Alors que sur la voie publique, c’est-à-dire à l’extérieur du domaine, le caméraman filme les mas où sont entassés les travailleurs espagnols, le propriétaire des lieux fonce sur l’équipe de France Télévisions avec son 4x4. Il pile à la dernière minute, parechoc à quelques centimètres des genoux des reporters. Il sort précipitamment de son auto, pour agresser le caméraman et détruire son matériel. La séquence mouvementée de leur agression a été filmée par le reporter d’images, et diffusée dans le reportage Les travailleurs de l’ombre, dans l'émission de reportages Envoyé spécial, en janvier 2021.

 

Les journalistes ont porté plainte. L’affaire a été jugée et le saladiculteur a été condamné à 1000 euros d’amende, des dommages et intérêts pour le journaliste blessé, et pour les syndicats de journalistes (SNJ, SNJ-CGT, CFDT) qui s’étaient portés partie civile. Une peine trop clémente pour Hélène Servel. Les intimidations vont continuer.

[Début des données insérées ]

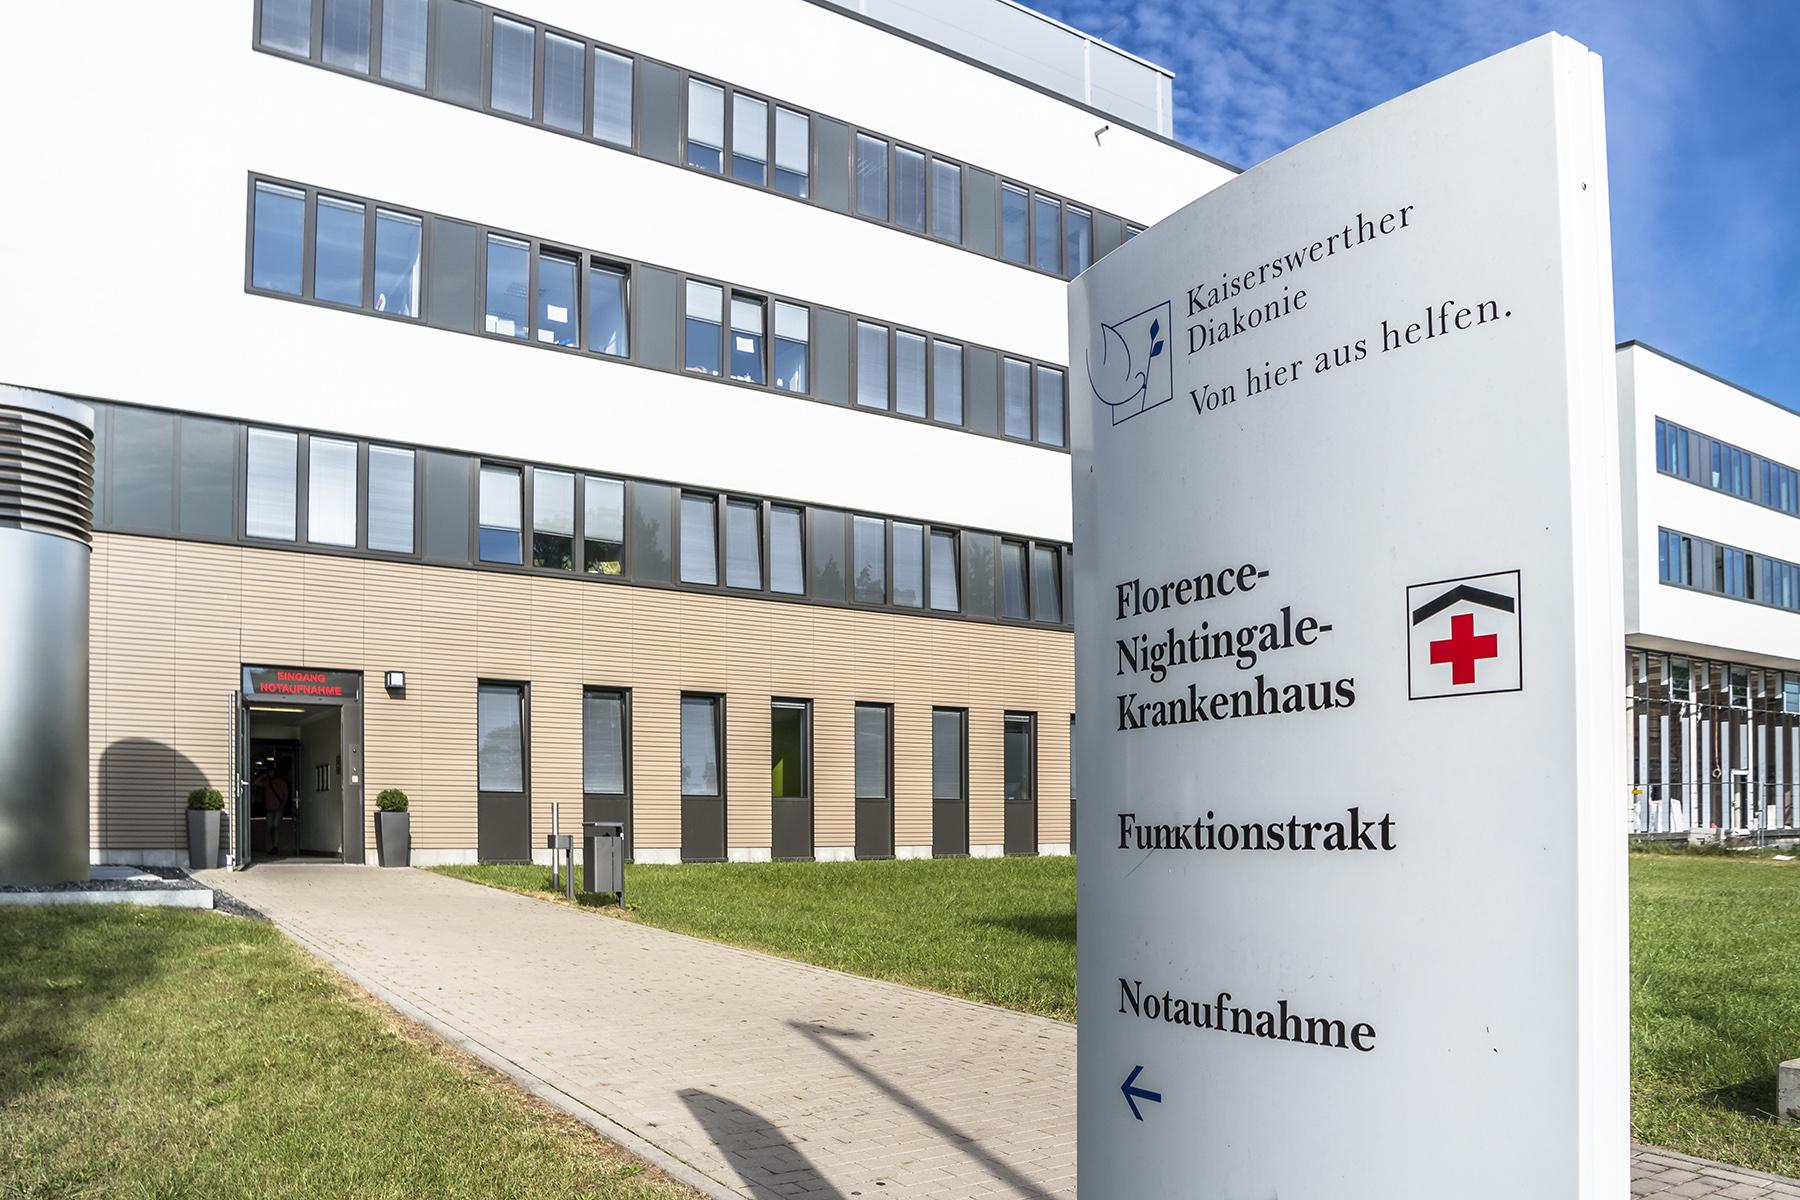 Florence Nightingale Hospital in Düsseldorf

Et les injures grossières aussi. 

Trop d'indifférence, trop d'impunités

Pour des journalistes qui vivent seuls ou en famille, et sans protection, la précarité des conditions de travail est un frein, le climat de violence, un autre, mais quand le reportage est publié, et porte la vérité, c’est un baume qui efface les possibles découragements.

Trop d’indifférence, trop d’impunités, compliquer son propre quotidien par un climat de peur et de brimades, risquer sa vie pour dénoncer des abus et des contaminations, ces sacrifice valent-ils le coup ? Ces reporters et lanceurs d’alerte se posent la question tous les jours. Ce qui les fait tenir : la conviction de délivrer une information précieuse pour l’intérêt général.